007 - Skyfall


Domanda: ma secondo voi quanti anni ha Daniel Craig? No, perché io glie ne darei tipo cinquantatré e invece ne ha soli 44. Intendiamoci, mi taglierei tutti e due i pollici pur di avere i suoi pettorali; ma se lo guardate senza maglietta sembra tipo un fotomontaggio di quelli fatti male e pare abbiano preso il corpo di un modello di Abercrombie e ci abbiano attaccato sopra la sua faccia segnata dal tempo.
Ultimamente ci stanno tartassando con la pubblicità di Chanel dove Brad Pitt si mostra in tutta la sua manza vecchiaia [VIDEO]; ebbene anche lui sembra più giovane di Daniel Craig e invece il mese prossimo spegnerà 49 candeline. Quindi le cose sono due: o Daniel si abbassa l'età come una finocchia su Grindr, oppure i quarantaquattro se li porta veramente di merda e se continua così, il prossimo film si intitolerà una cosa tipo: 007 - Dalla Russia col Deambulatore.

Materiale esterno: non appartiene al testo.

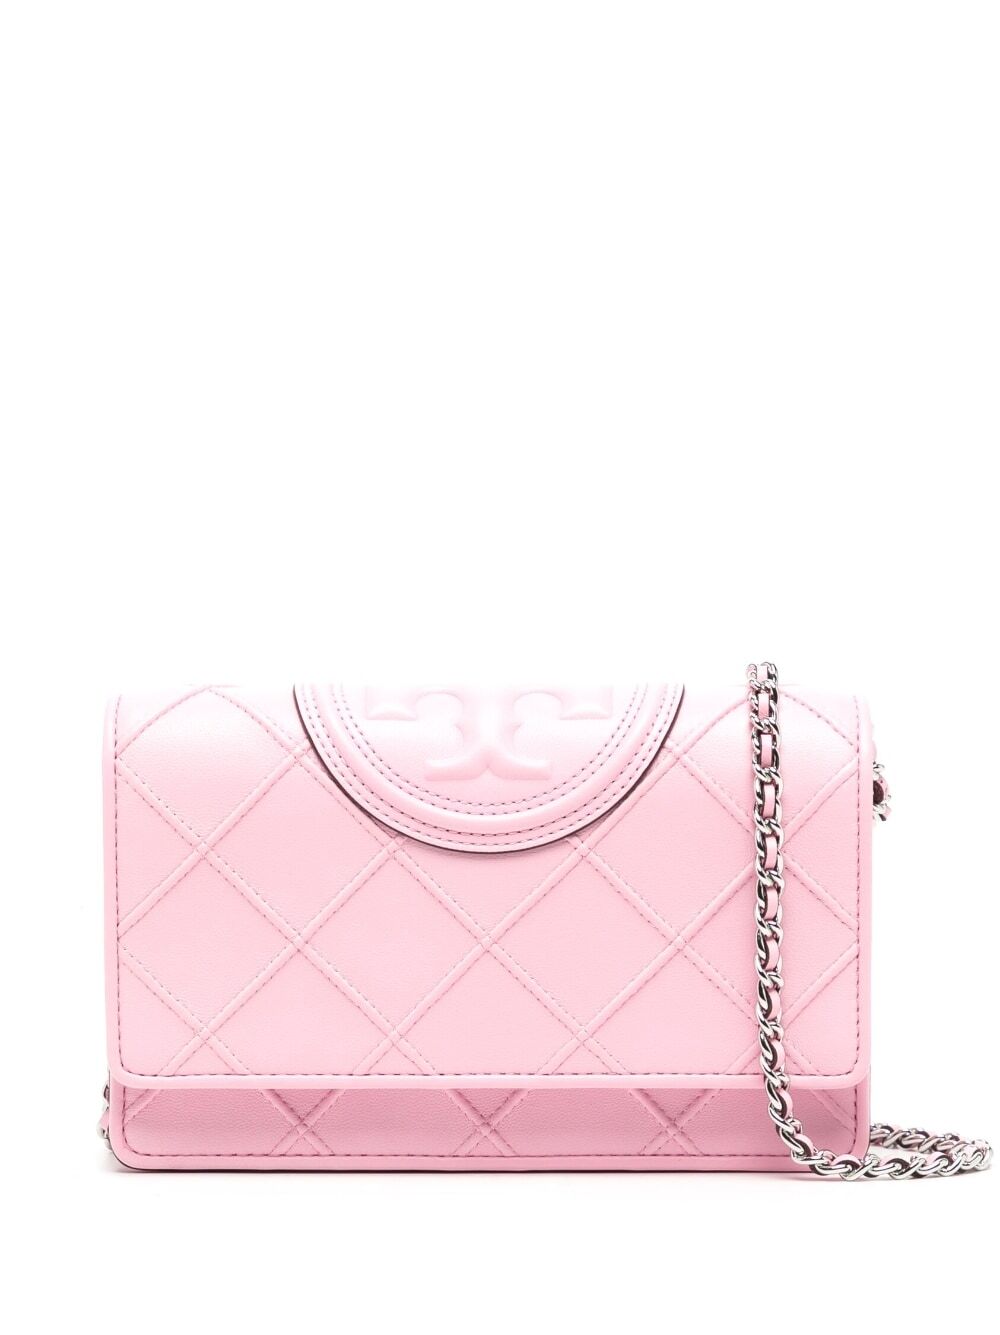 Tory Burch Fleming leather clutch bag - Pink
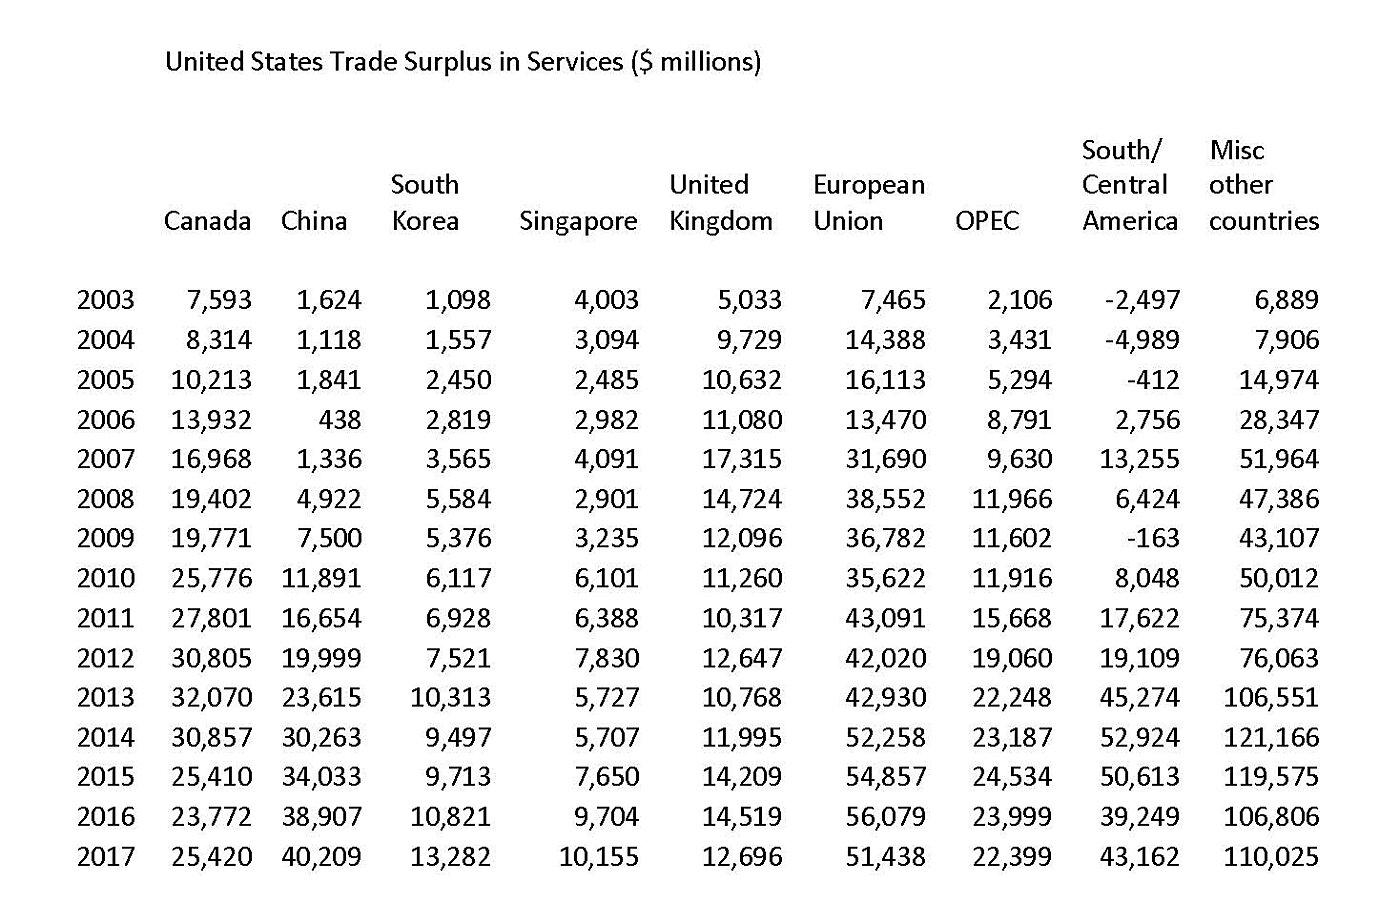 Trade Surpluses in Services, in millions

Ormai son passati cinquant'anni del primo film con Sean Connery e la saga inizia a scricchiolare. Al cinema sono arrivati i vari Mission Impossible e l'Agente Bourne e il personaggio di Bond non sembra più così interessante e originale e le sue sigarette che sparano gas e la penna esplosiva, non sono che gadget ridicoli rispetto agli accessori high-tech e super-tecnologici dei suoi rivali. Serve ridare nuova linfa alla saga e fortunatamente Christopher Nolan con il suo The Dark Knight Rise ha spianato la strada a tutti, insegnando che per risorgere in modo ancora più leggendario, bisogna prima morire.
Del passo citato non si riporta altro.